JuliaData / TypedTables.jl

Simple, fast, column-based storage for data analysis in Julia
Other
147 stars 25 forks source link

Issue with Tables.getcolumn by index #86

Open sefffal opened 2 years ago

sefffal commented 2 years ago

Accessing columns through Tables.getcolumn(table, name::Symbol) works as expected, but using Tables.getcolumn(table, ind::Int) does not.

Setup:

using Tables, TypedTables
table = Table(a=rand(300), b=rand(300))
table_nt = (;a=rand(300), b=rand(300))

Expected behaviour:

Tables.getcolumn(table_nt, 2)
300-element Vector{Float64}:
 0.7419591651104771
 0.03643357962428917
 0.511973946658012
 0.7525280472737248
 0.5312671306022833
...

This works with simple named tuples of vectors, as well as DataFrames.

Observed behaviour:

julia> Tables.getcolumn(table, 2)
ERROR: BoundsError: attempt to access 300-element Table{NamedTuple{(:a, :b), Tuple{Float64, Float64}}, 1, NamedTuple{(:a, :b), Tuple{Vector{Float64}, Vector{Float64}}}} at index [2]
Stacktrace:
 [1] getcolumn(x::Table{NamedTuple{(:a, :b), Tuple{Float64, Float64}}, 1, NamedTuple{(:a, :b), Tuple{Vector{Float64}, Vector{Float64}}}}, i::Int64)
   @ Tables C:\Users\William\.julia\packages\Tables\i6z2B\src\Tables.jl:101
 [2] top-level scope
   @ REPL[65]:1

However, using index 1 returns all columns which is not useful:

julia> Tables.getcolumn(table, 1)
(a = [0.7736170160574704, 0.32973335588180575, 0.17889965718253964, 0.7631323090473862, 0.7800224219389631, 0.08040930668634005, 0.9557133954558753, 0.9979396219551491, 0.15894660237894975, 0.5680381167378448  …  0.6559116874983786, 0.7328418210533515, 0.4856581423782824, 0.33251283450523117, 0.08142486970852292, 0.2259648695642409, 0.39396960265088865, 0.7031534405558856, 0.10224220322748001, 0.14191199646807617], b = [0.017236706415861724, 0.5265418832740683, 0.4268344997706731, 0.46470458360887146, 0.8360733105726028, 0.6032125887699785, 0.9385924928402325, 0.7405311692330161, 0.4201266483743147, 0.9833490878965103  …  0.14241236909936195, 0.29289242214548683, 0.8408873927907317, 0.7439831490645507, 0.6205302905751314, 0.9686022965164416, 0.8139530289474524, 0.823492626767103, 0.04273546220284152, 0.44406075204392326])

Accessing by column name :a or :b works as expected.

Thanks!

andyferris commented 2 years ago

@quinnj any advice on this one?

quinnj commented 2 years ago

In the official "usage" of the Tables.jl interface, you're only guaranteed to be able to call Tables.getcolumn on either: 1) the object returned from Tables.columns(x), or 2) on each iterated element of the object returned by Tables.rows(x). For DataFrames.jl/NamedTuple of vectors, the objects themselves happen to get returned from Tables.columns, but in the case of Table, it's not. So if you do tbl = Tables.columns(table) first, you can get expect to call Tables.getcolumn on the result.

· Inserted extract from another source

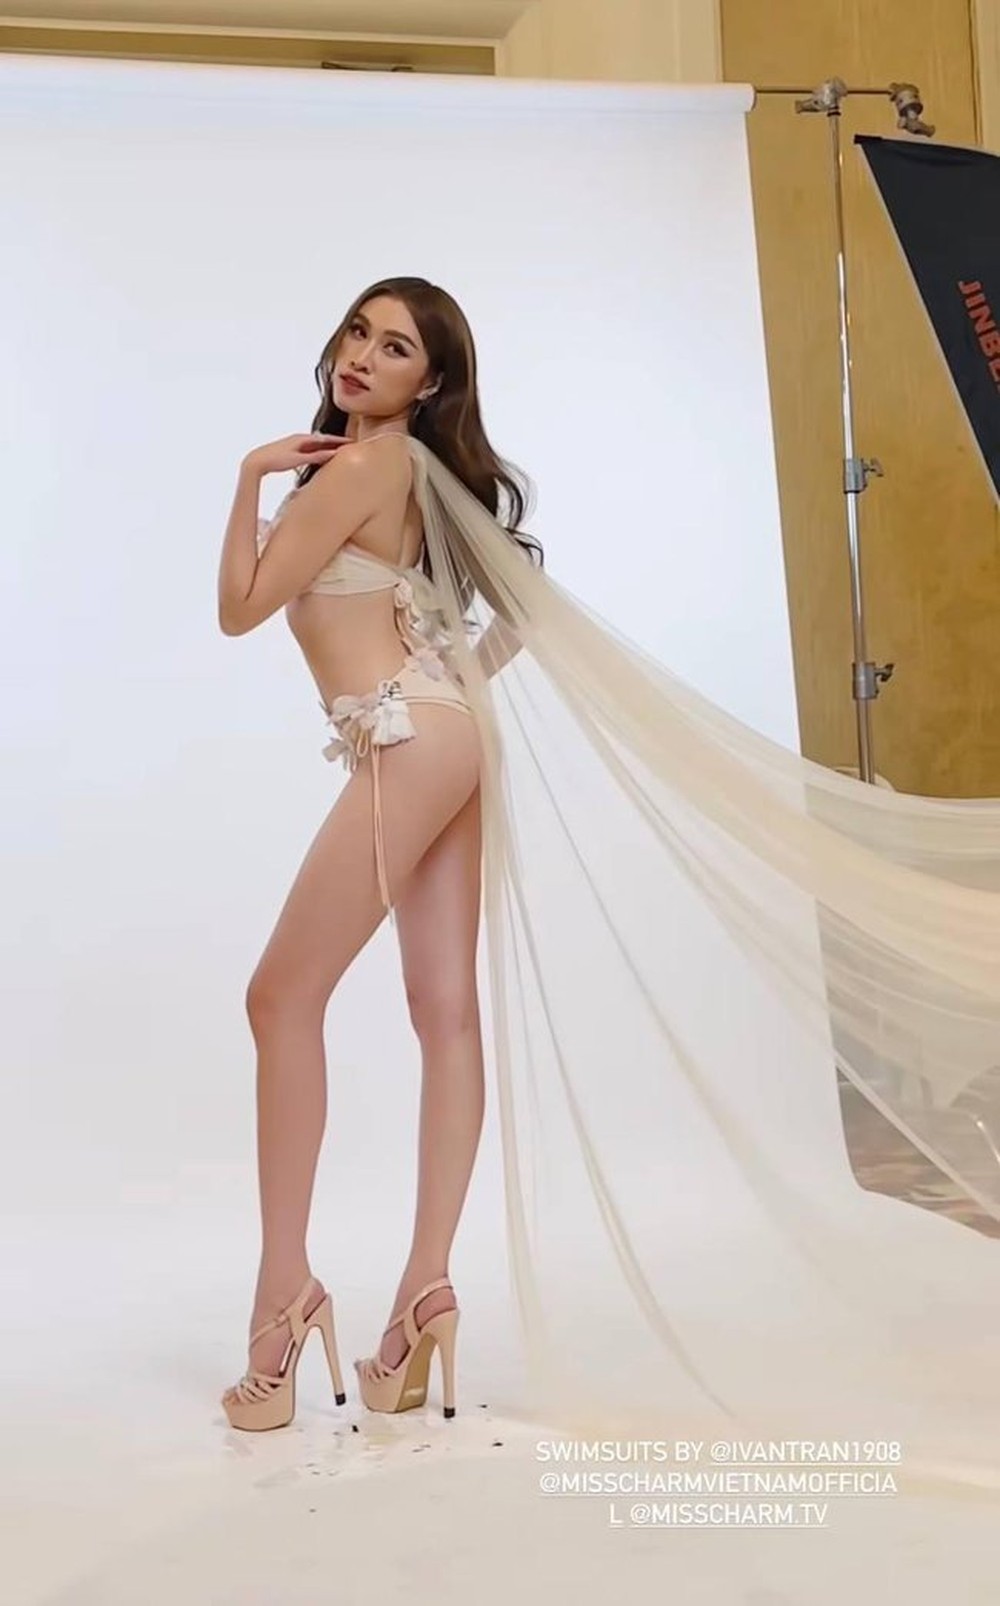 Thanh Thanh Huyền gợi cảm khi diện bikini, khoe 1 đặc điểm gây sốt giống với Hoa hậu Đỗ Hà - Ảnh 4.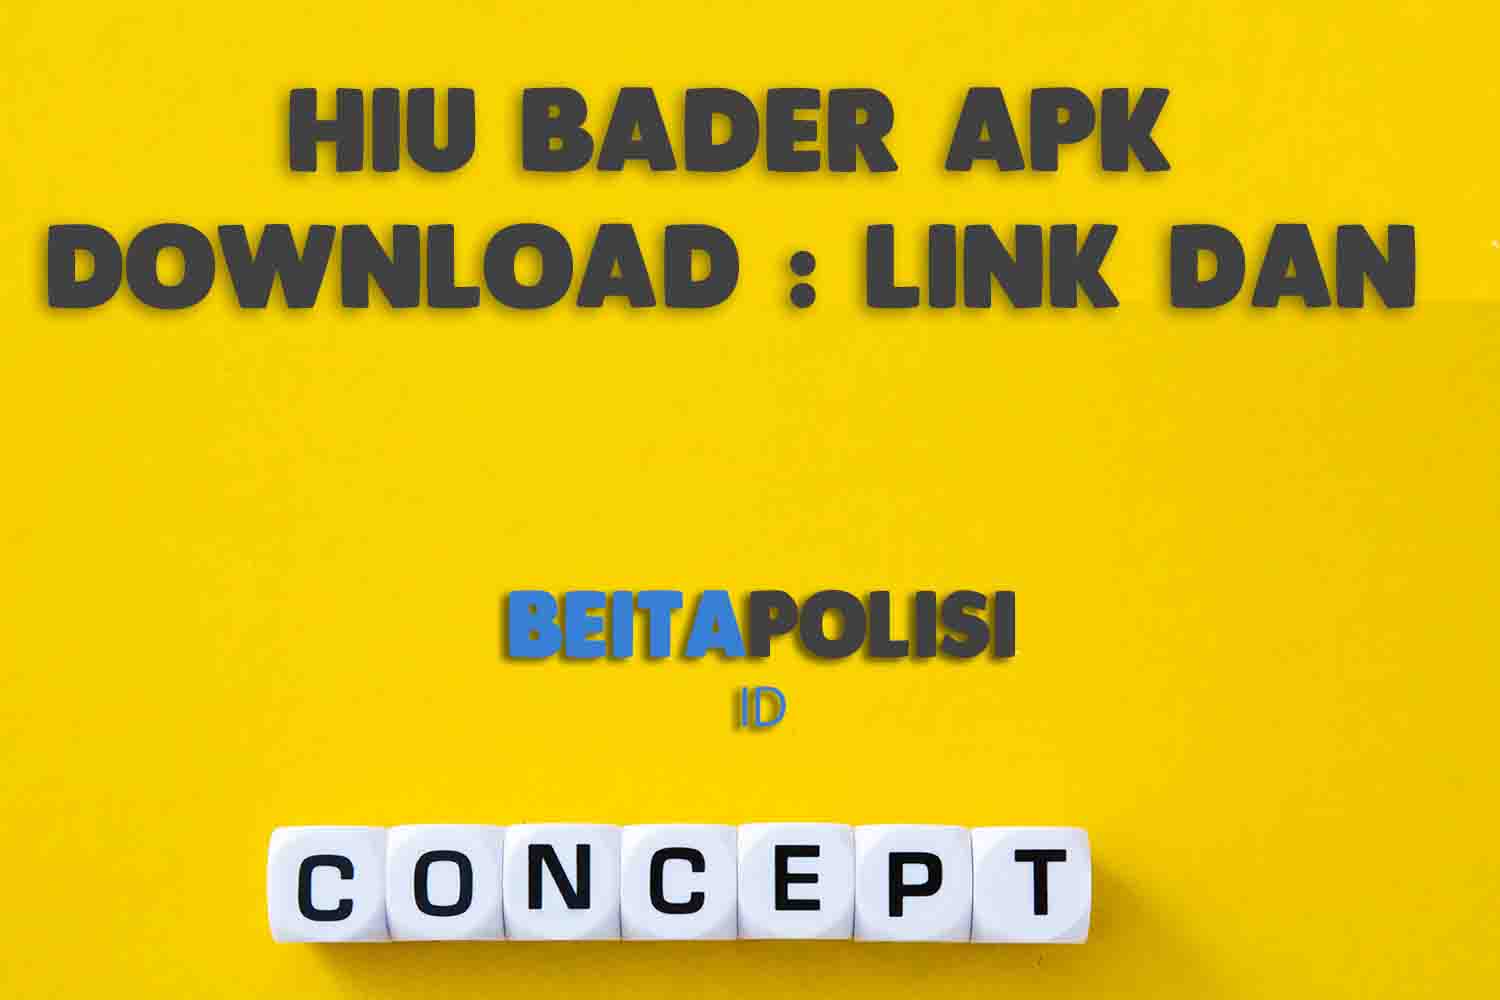 Hiu Bader Apk Download Link Dan Caranya

andyferris commented 2 years ago

I see.

Is it good practice to extend some of these methods and opt into common behaviour? Or is it preferable to let users use the columns function?

quinnj commented 2 years ago

All up to you; users of the Tables.jl API just need to make sure they follow the guidelines, which admittedly aren't the absolute most convenient form, but are really meant for "sink" authors in the end.